→ **TASK**:
When you reach the line containing "Mini Car Lightning", start transcribing exactly and continue through the last line of the data, skipping every picture.

→ **EXERCISE DATA**:
□ □ □ □ □

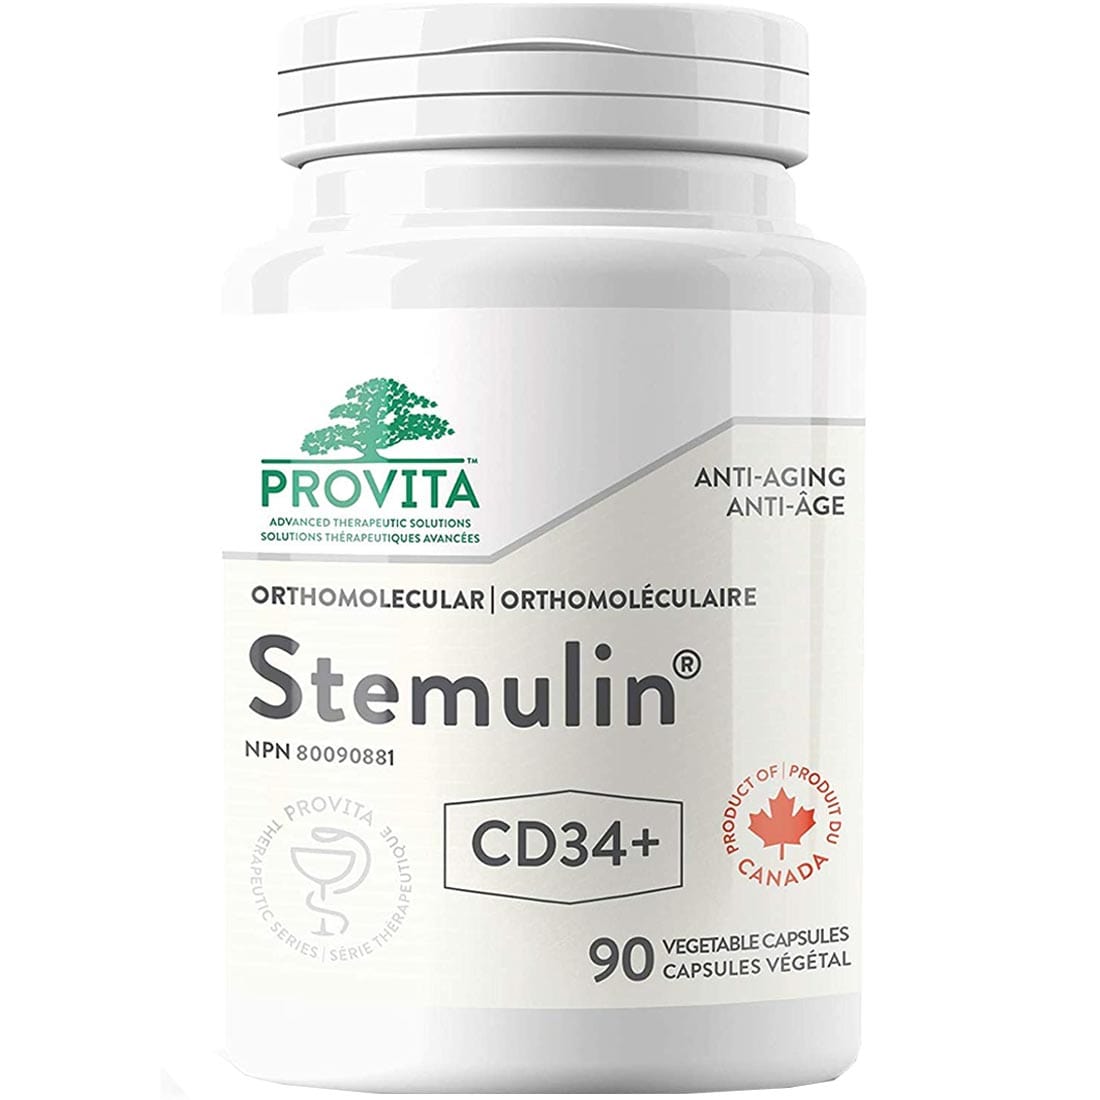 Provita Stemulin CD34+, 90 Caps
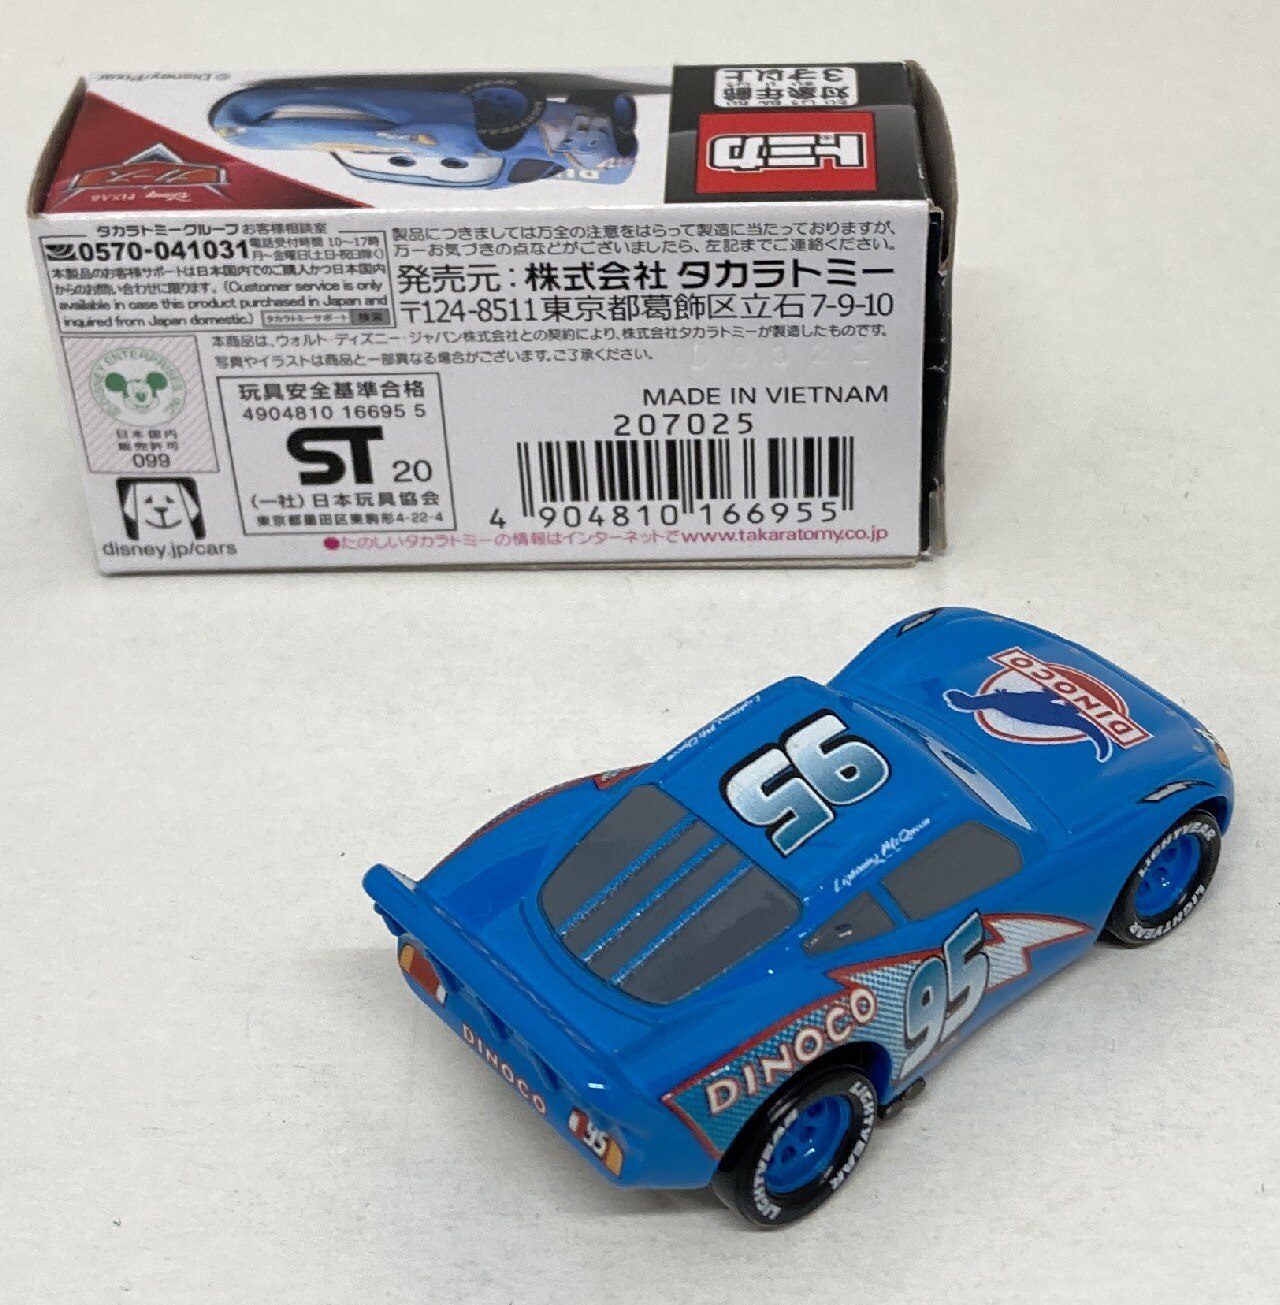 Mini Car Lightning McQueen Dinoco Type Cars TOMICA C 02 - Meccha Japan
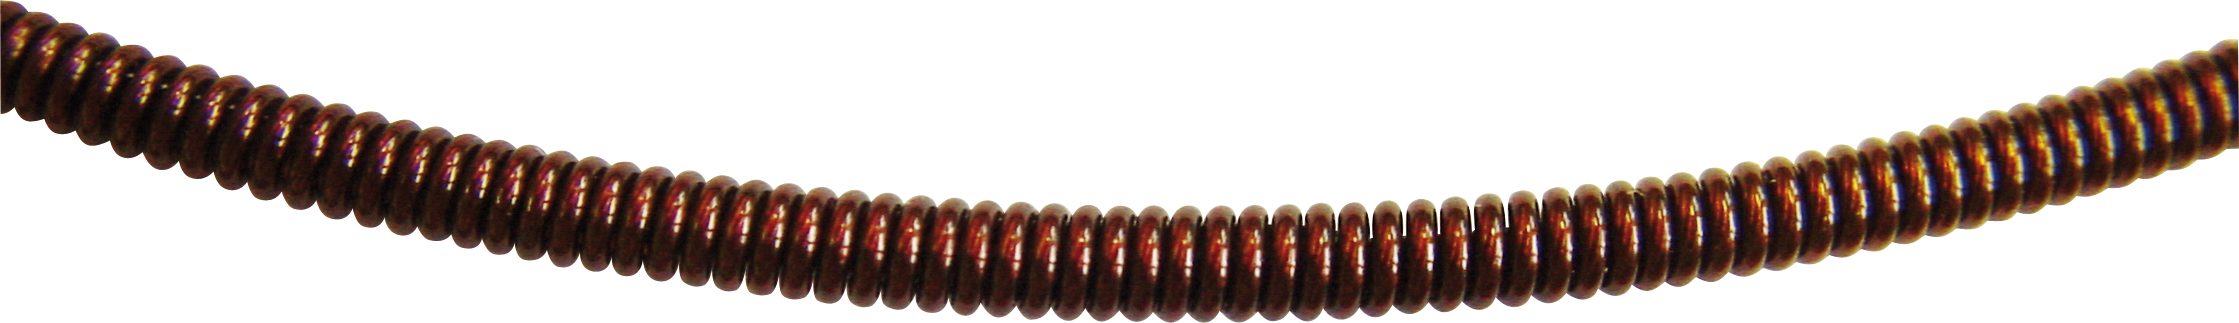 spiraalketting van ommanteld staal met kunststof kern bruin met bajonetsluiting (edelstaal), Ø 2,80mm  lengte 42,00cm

□ □ □ □ □

→ **RESULT**:
 Mini Car Lightning McQueen Dinoco Type Cars TOMICA C 02 - Meccha Japan
 spiraalketting van ommanteld staal met kunststof kern bruin met bajonetsluiting (edelstaal), Ø 2,80mm  lengte 42,00cm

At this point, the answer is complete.